The BIOMED-2 multiplex PCR tubes detected clonal Ig- or TCR-gene rearrangements in the vast majority of lymphoid malignancies (99% of all B-cell malignancies and 94% of all T-cell malignancies; Tables 1 and 2),30, 31 whereas the reactive lesions were most often polyclonal in nature (>90%).32 The highly diverse TCRB gene was included as PCR target for clonality testing with clonal results in >90% of T-cell malignancies.31 The strength of the BIOMED-2 TCRB assay is its coverage of 325 single PCR tests using 23 Vβ-, 13 Jβ- and two Dβ-primers in only three well-attuned multiplex tubes.27, 29 Therefore, the informativity of TCRB in T-cell malignancies was comparable to the informativity of IGH in B-cell malignancies with a clonality detection rate of approximately 90%.30, 31 Other important results included the detection of 100% Ig-gene rearrangements (IGH and IGK) in the heavily somatically mutated follicular lymphomas and marginal zone lymphomas and the detection of occult lymphomas in lesions considered reactive by expert pathologists.30, 32

Table 1 Complementarity of Ig targets for clonality detection in five categories of B-cell malignancies (% clonality)a
Table 2 Complementarity of TCR targets for clonality detection in five categories of T-cell malignancies (% clonality)a

The strength of our PCR approach appeared to be the use of complementarity at the three levels. Firstly, the many new primers were designed to recognize the majority of functional Ig and TCR gene segments and to fit in a limited number of multiplex PCR tubes. Secondly, for the IGH and TCRB loci not only complete V–D–J rearrangements were included as PCR targets, but for the first time we also used incomplete DHJH and Dβ–Jβ rearrangements, which were detected in 30% of B-cell malignancies and in 60% of T-cell malignancies, respectively (Tables 1 and 2).30, 31 Thirdly, the usage of at least two Ig or TCR loci in parallel appeared to be highly effective, that is, IGH and IGK for B-cell malignancies (Table 1)30 and TCRB and TCRG for T-cell malignancies (Table 2).31 The reports by Evans et al. and Brüggemann et al.,30, 31 in this issue of Leukemia, present the complete data set concerning the detection of Ig- and TCR-gene rearrangements in B-cell malignancies and T-cell malignancies.

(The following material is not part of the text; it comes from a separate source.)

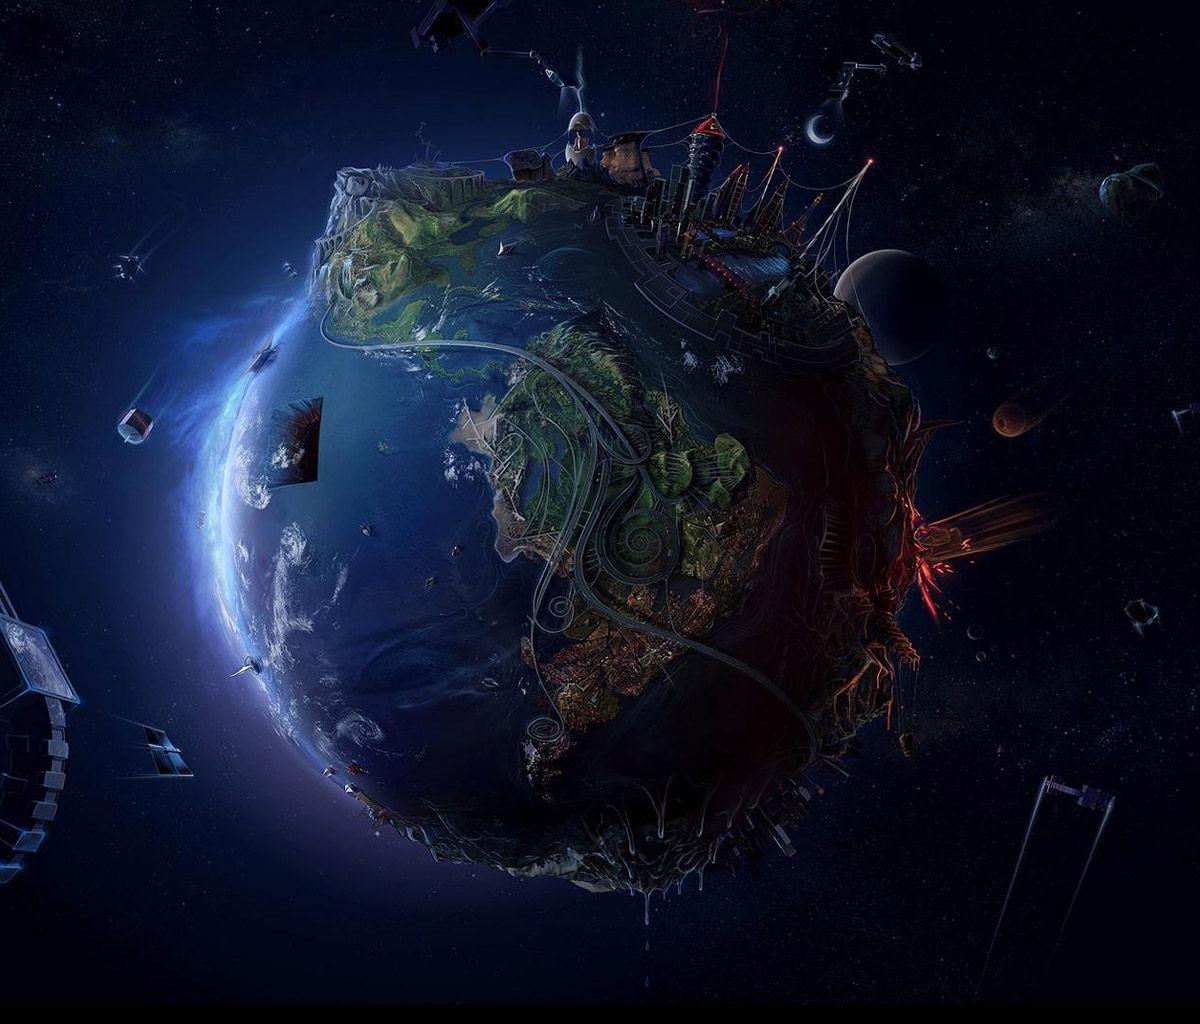 Pin by Daniel James Soto on Stellar in 2020 Space art

Clonal IGK-gene rearrangements were found in 90% of all B-cell malignancies, which is in line with the high frequency of IGK (Vκ–Jκ) and IGK-Kde rearrangements in normal Igκ+ and Igλ+ B cells.36, 37 Consequently, the combined IGH and IGK clonality detection rate reached the unprecedentedly high frequency of 99% (Table 1).30 Analogously, TCRG-gene rearrangements were found in 90% of T-cell malignancies, which is in line with the presence of TCRG-gene rearrangements in the vast majority of normal T cells of the TCRαβ lineage from which most T-cell malignancies are derived.27, 38 The observation that in 20–25% of anaplastic large-cell lymphomas (ALCL), no TCRB and TCRG rearrangements detected (Table 2) that fits with the Southern blot results in this patient group.35 If we thus consider ALCL to be an extraordinary type of T-cell malignancy, the combined TCRB and TCRG targets in the more typical T-cell malignancies reach the unprecedentedly high clonality detection rate of 99%.31

The application of multiple complementary targets in parallel does not only reach high overall clonality detection rates, but also has the advantage that in more than 90% of the cases at least two clonal results are obtained and in 70–80% even three or more.30, 31 The BIOMED-2 multiplex tubes can detect the same rearrangement more than once (e.g. IGH) and can detect biallelic rearrangements, two different rearrangements on the same allele (e.g. Vκ–Jκ and Kde or Vβ–Jβ and Dβ–Jβ), and rearrangements in more than one Ig or TCR gene of the same clone.39, 40 In practice, the multiple clonal results can be achieved by the use of only five Ig tubes and five TCR tubes (Figure 2). This makes the BIOMED-2 multiplex tubes into a highly reliable and feasible system for clonality diagnostics.

Figure 2
figure2

Strategy for PCR-based clonality diagnostics of suspected lymphoproliferations with an inconclusive diagnosis or with unusual histology, immunophenotype or clinical presentation, using the BIOMED-2 multiplex PCR protocols. In case of a suspected B-cell proliferation, firstly IGH VH−JH multiplex PCR analysis should be performed, in which the FR1 and FR2 PCR reactions are generally more informative than the FR3 PCR reactions. As a second step, IGK PCR analysis (Vκ–Jκ and Kde rearrangements) can be chosen. Preferably, these two steps are combined to avoid delay in the diagnostic process. Finally, IGH DH1–6–JH PCR analysis (potentially combined with IGL analyses) can be reserved for remaining suspected cases, in which the preceding PCR assays have failed to detect the monoclonality and have not shown clear signs of polyclonality either. For suspected T-cell proliferations, TCRB multiplex PCR is generally slightly more informative than TCRG PCR, but the order of analysis of these two loci can be changed as they provide complementary information; preferably both targets should be used in parallel. In case of suspected TCRγδ+ T-cell proliferations and immature T-cell proliferations (suspicion of lymphoblastic malignancies), TCRG and TCRD PCR analysis is preferred. Because of its complexity, the signal tube TCRD assay should not be used in routine T-cell clonality studies. In case of suspected lymphoproliferations of unknown origin, both Ig and TCR genes should be used as PCR targets. It should be noted that in such cases the clonal Ig/TCR results cannot be used straightforwardly for B/T-lineage assignment. A full-proof diagnosis of polyclonality remains difficult, but a high probability of polyclonality is supported by clear Gaussian GeneScan curves or heteroduplex smears in the absence of clonal results.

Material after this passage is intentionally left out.